### Activity
Please return the lines from the one with "Designed by Jonathan" through the end of the listing below, word for word, with every picture left out.

### Records to use
■ ■ ■
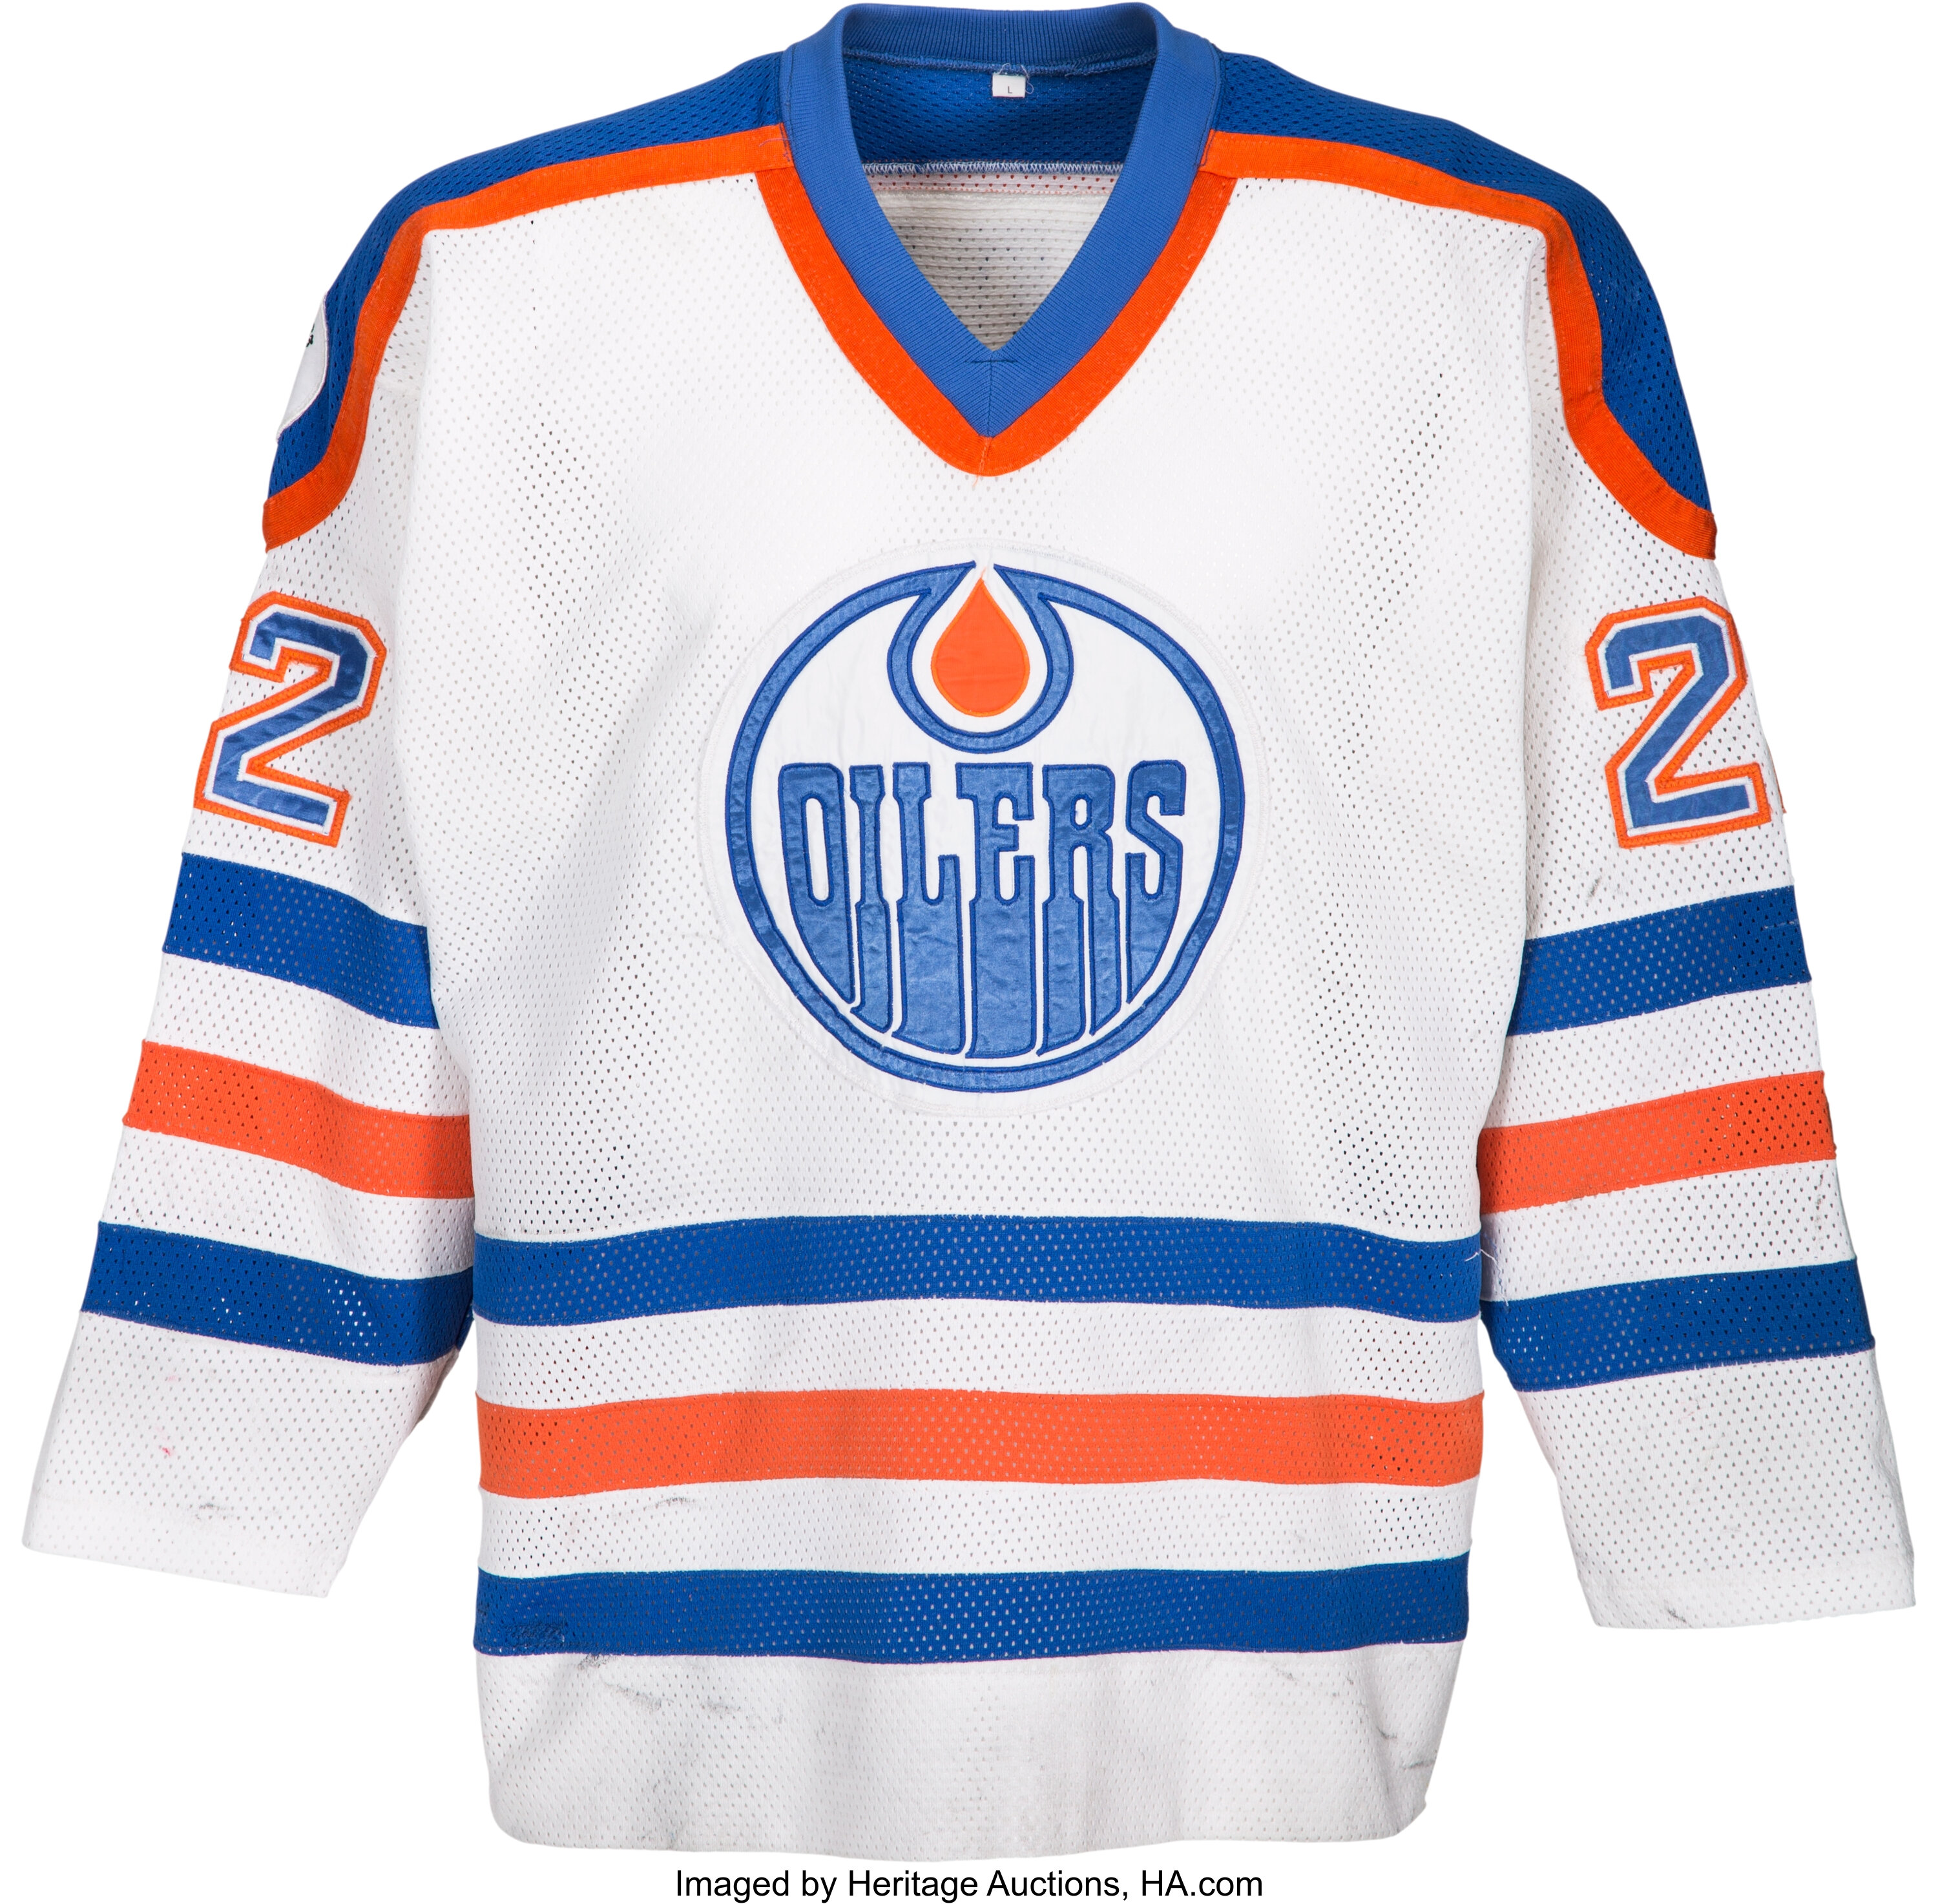 Edmonton Oilers on X: Game-worn jerseys 🤤🤤 We currently have a full set  of #Oilers Reverse Retro uniforms up for auction! These threads were worn  Dec. 15 vs. St. Louis & Dec.
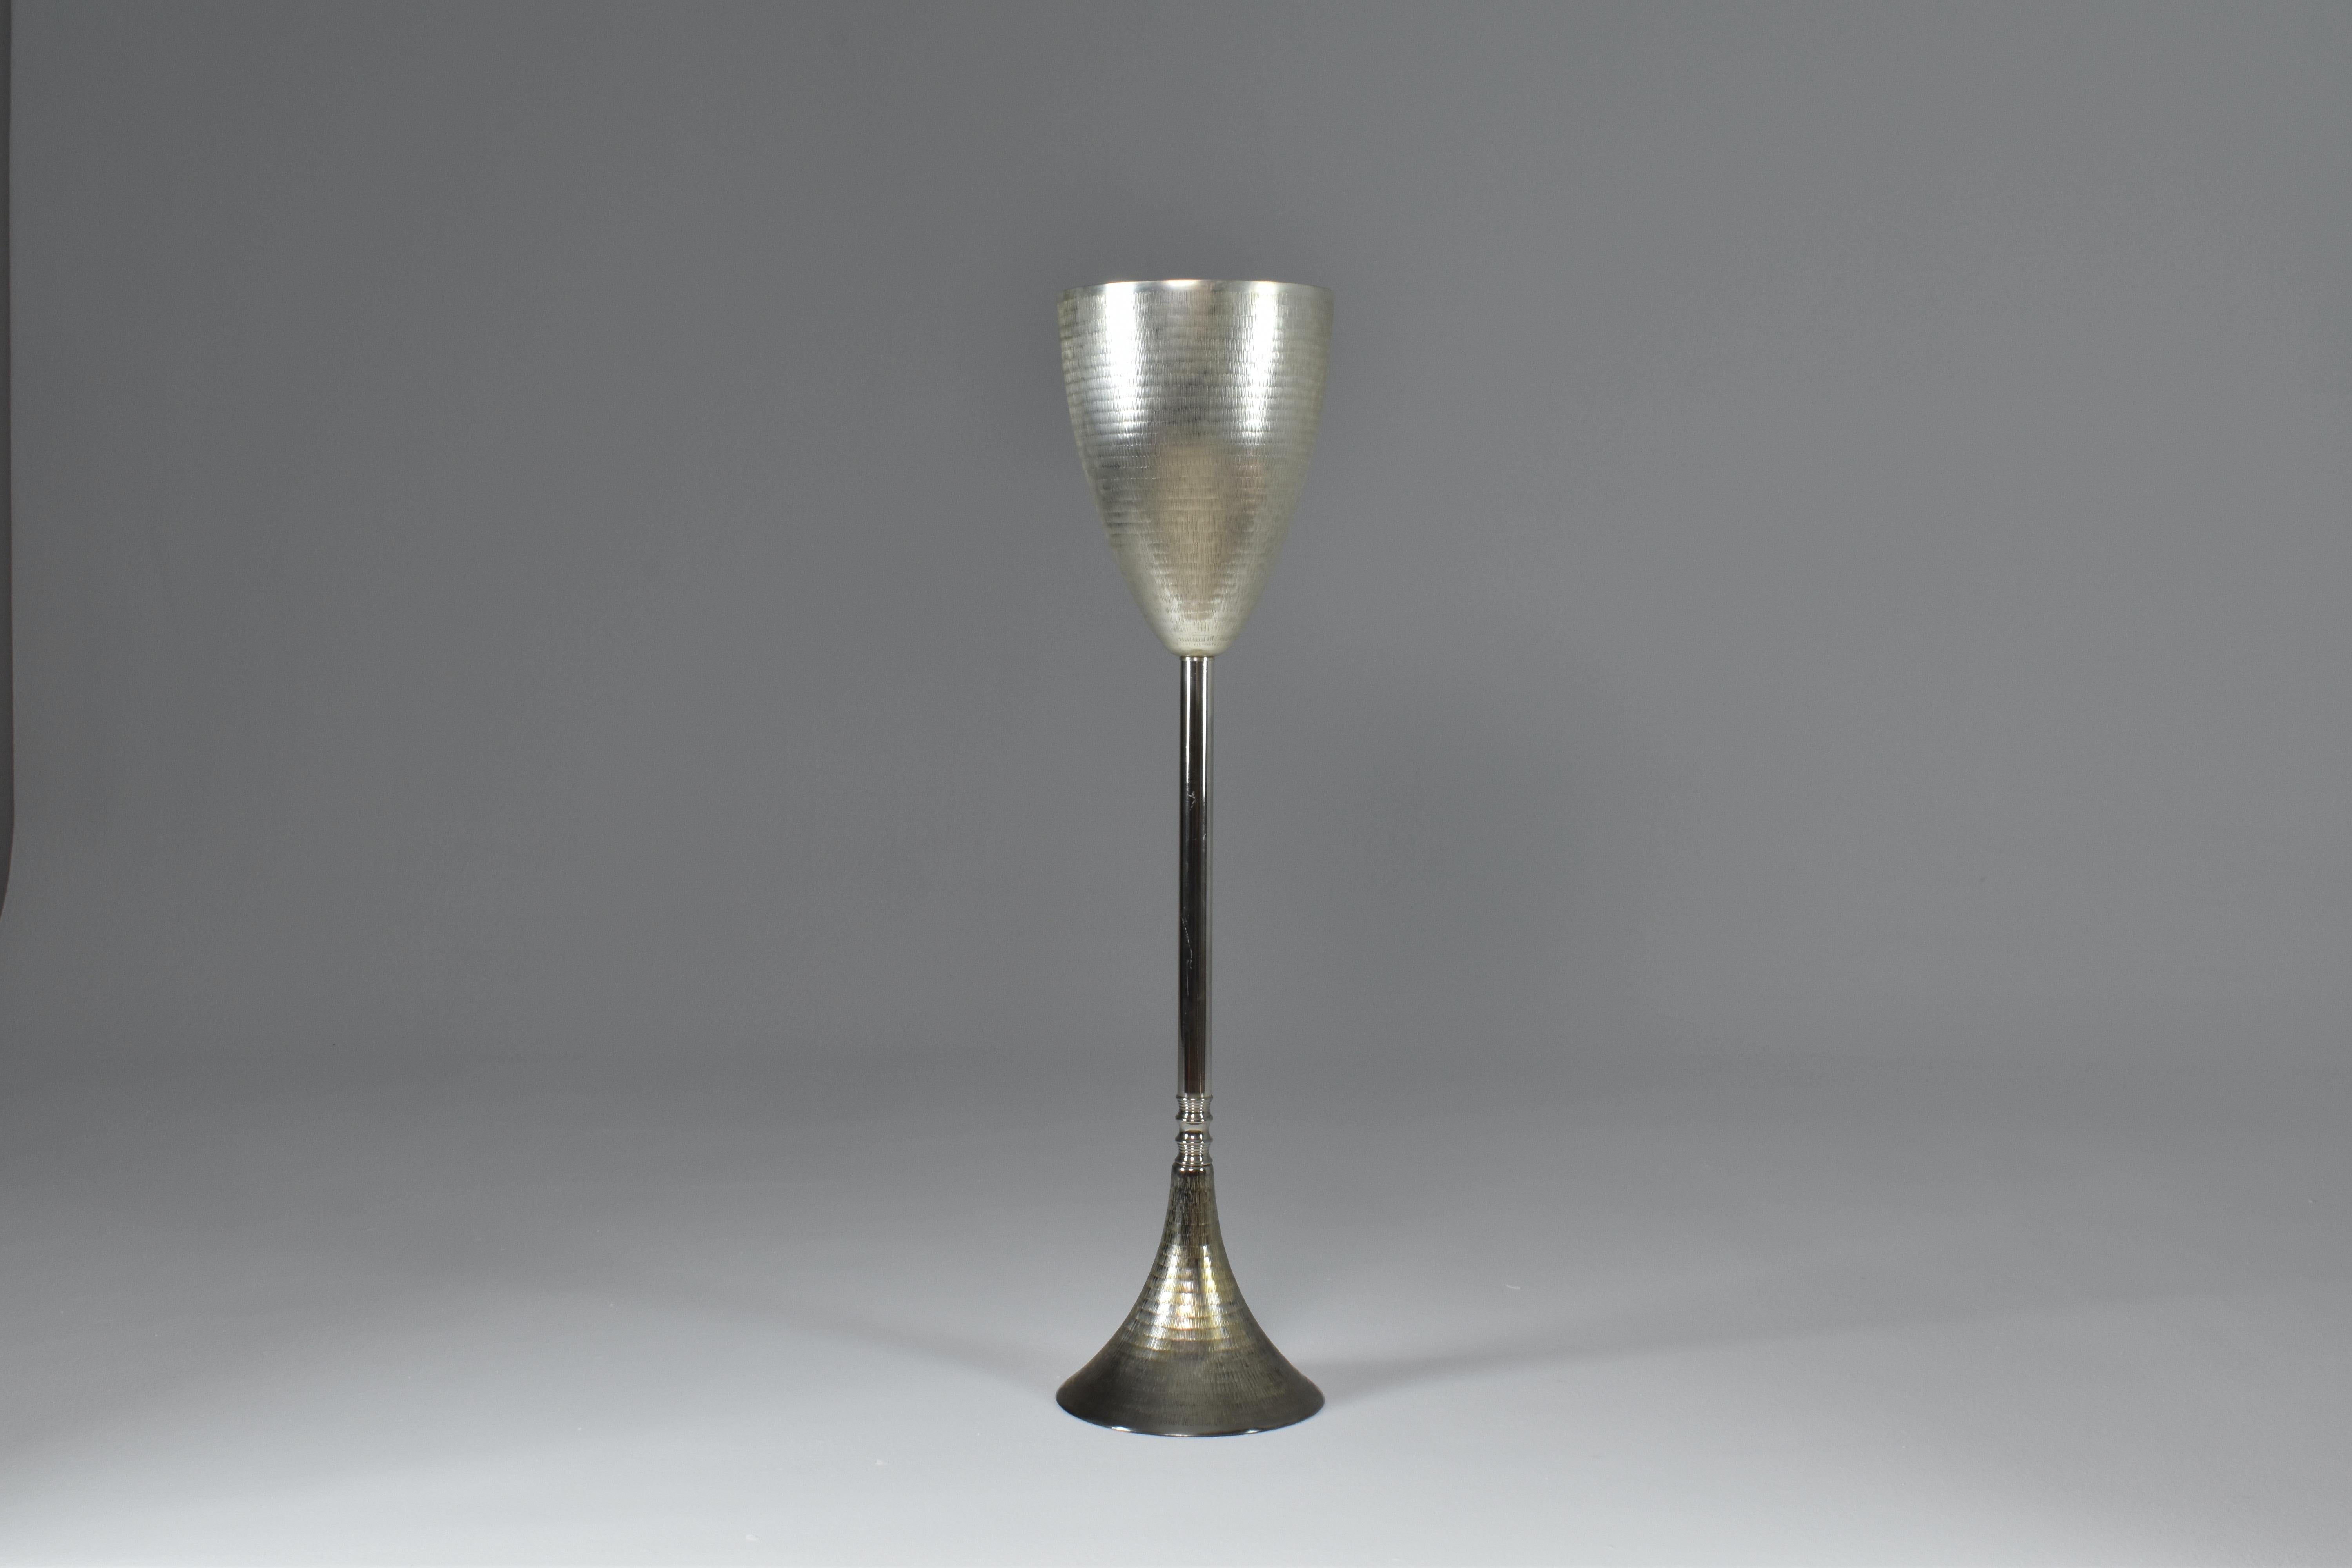 Contemporary made-to-measure handcrafted nickel-plated brass champagne or wine bucket stand with skillfully sculpted and handmade hammered details.
Designed by Jonathan Amar, handcrafted at his atelier in Rabat. 

A standout accessory for high-end
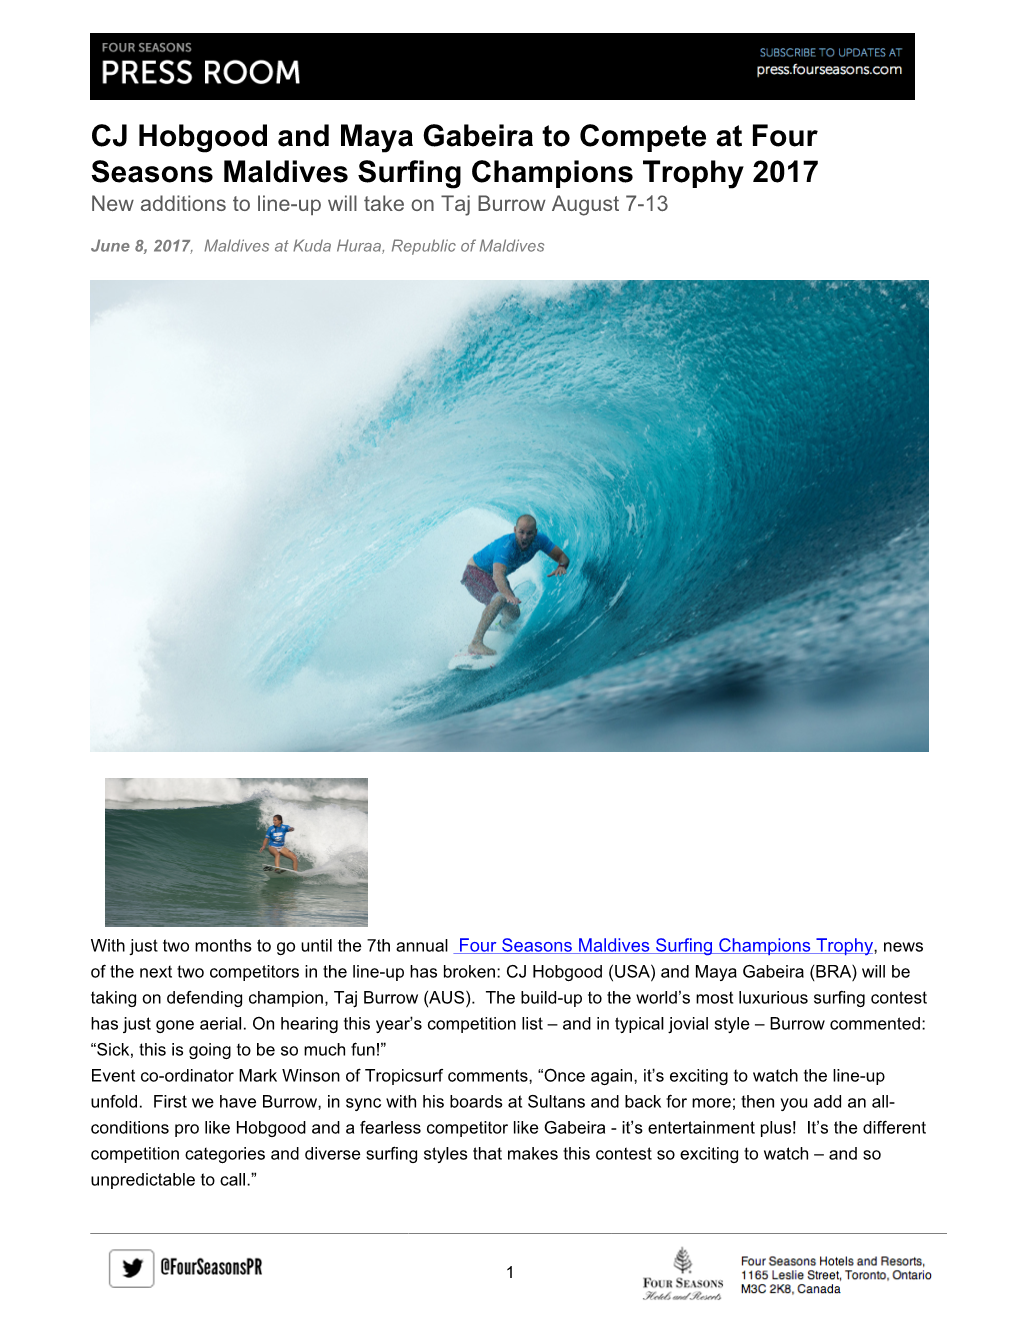 CJ Hobgood and Maya Gabeira to Compete at Four Seasons Maldives Surfing Champions Trophy 2017 New Additions to Line-Up Will Take on Taj Burrow August 7-13
■ ■ ■
### Written answer
Designed by Jonathan Amar, handcrafted at his atelier in Rabat. 

A standout accessory for high-end
 CJ Hobgood and Maya Gabeira to Compete at Four Seasons Maldives Surfing Champions Trophy 2017 New Additions to Line-Up Will Take on Taj Burrow August 7-13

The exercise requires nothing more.